• [Assignment] Using the line that contains "Auflage: EA" as the first line and the last line of the data as the final one, give every line in that range again exactly.
··· Dataset ···
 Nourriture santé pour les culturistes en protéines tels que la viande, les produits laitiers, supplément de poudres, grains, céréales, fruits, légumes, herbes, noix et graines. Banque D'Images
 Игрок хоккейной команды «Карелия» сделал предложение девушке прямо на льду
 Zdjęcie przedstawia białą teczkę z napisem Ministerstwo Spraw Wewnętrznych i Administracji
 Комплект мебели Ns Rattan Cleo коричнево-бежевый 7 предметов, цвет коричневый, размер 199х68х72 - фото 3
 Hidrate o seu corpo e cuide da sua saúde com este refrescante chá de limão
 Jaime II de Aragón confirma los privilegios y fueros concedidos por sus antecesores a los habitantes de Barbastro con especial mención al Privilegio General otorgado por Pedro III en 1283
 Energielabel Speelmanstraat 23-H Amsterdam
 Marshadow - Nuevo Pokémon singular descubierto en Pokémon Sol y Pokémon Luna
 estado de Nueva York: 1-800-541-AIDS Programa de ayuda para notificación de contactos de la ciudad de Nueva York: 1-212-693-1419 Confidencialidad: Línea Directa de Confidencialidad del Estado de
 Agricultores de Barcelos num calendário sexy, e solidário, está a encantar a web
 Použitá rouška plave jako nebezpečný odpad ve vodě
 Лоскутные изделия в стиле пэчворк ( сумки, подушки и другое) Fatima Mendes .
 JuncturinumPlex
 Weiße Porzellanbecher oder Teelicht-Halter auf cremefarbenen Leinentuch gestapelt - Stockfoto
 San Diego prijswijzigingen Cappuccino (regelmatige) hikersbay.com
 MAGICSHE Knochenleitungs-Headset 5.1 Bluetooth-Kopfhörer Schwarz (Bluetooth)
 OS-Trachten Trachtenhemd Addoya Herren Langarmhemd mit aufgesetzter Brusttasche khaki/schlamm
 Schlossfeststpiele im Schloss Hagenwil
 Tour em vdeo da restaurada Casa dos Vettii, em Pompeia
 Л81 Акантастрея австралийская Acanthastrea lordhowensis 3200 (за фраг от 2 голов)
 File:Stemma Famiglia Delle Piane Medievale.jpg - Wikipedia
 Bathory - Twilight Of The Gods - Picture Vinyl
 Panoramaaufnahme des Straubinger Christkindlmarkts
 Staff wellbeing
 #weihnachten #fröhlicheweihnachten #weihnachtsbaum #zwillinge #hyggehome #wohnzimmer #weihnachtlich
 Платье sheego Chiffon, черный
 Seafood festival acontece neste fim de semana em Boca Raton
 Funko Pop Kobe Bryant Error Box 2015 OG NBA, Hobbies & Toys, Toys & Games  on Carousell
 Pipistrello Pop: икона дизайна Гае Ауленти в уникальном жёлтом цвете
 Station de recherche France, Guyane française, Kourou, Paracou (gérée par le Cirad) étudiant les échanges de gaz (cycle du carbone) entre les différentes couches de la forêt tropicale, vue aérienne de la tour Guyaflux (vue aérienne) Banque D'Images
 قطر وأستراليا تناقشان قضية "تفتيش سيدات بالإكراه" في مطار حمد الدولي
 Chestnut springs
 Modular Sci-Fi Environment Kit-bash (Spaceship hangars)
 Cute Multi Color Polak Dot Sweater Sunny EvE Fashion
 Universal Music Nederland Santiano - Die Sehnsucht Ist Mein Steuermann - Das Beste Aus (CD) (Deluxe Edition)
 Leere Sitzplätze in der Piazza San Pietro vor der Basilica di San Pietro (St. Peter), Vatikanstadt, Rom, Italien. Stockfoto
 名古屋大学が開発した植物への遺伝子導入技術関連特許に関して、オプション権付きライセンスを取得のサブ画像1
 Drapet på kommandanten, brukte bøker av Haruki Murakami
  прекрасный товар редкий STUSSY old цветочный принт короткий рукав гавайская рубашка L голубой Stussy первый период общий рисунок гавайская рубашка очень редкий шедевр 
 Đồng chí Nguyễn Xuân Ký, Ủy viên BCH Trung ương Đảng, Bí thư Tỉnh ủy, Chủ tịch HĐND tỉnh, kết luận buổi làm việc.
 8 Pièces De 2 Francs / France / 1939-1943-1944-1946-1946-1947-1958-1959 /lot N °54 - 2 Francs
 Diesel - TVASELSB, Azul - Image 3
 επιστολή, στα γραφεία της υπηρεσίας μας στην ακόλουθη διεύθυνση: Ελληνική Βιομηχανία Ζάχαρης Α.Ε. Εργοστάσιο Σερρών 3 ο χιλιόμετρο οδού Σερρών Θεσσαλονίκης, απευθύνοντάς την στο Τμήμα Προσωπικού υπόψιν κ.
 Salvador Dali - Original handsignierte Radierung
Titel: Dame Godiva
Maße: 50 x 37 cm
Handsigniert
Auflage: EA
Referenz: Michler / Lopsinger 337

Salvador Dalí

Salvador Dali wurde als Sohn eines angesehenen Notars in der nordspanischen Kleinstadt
···
• [Solution to this exercise]
Auflage: EA
Referenz: Michler / Lopsinger 337

Salvador Dalí

Salvador Dali wurde als Sohn eines angesehenen Notars in der nordspanischen Kleinstadt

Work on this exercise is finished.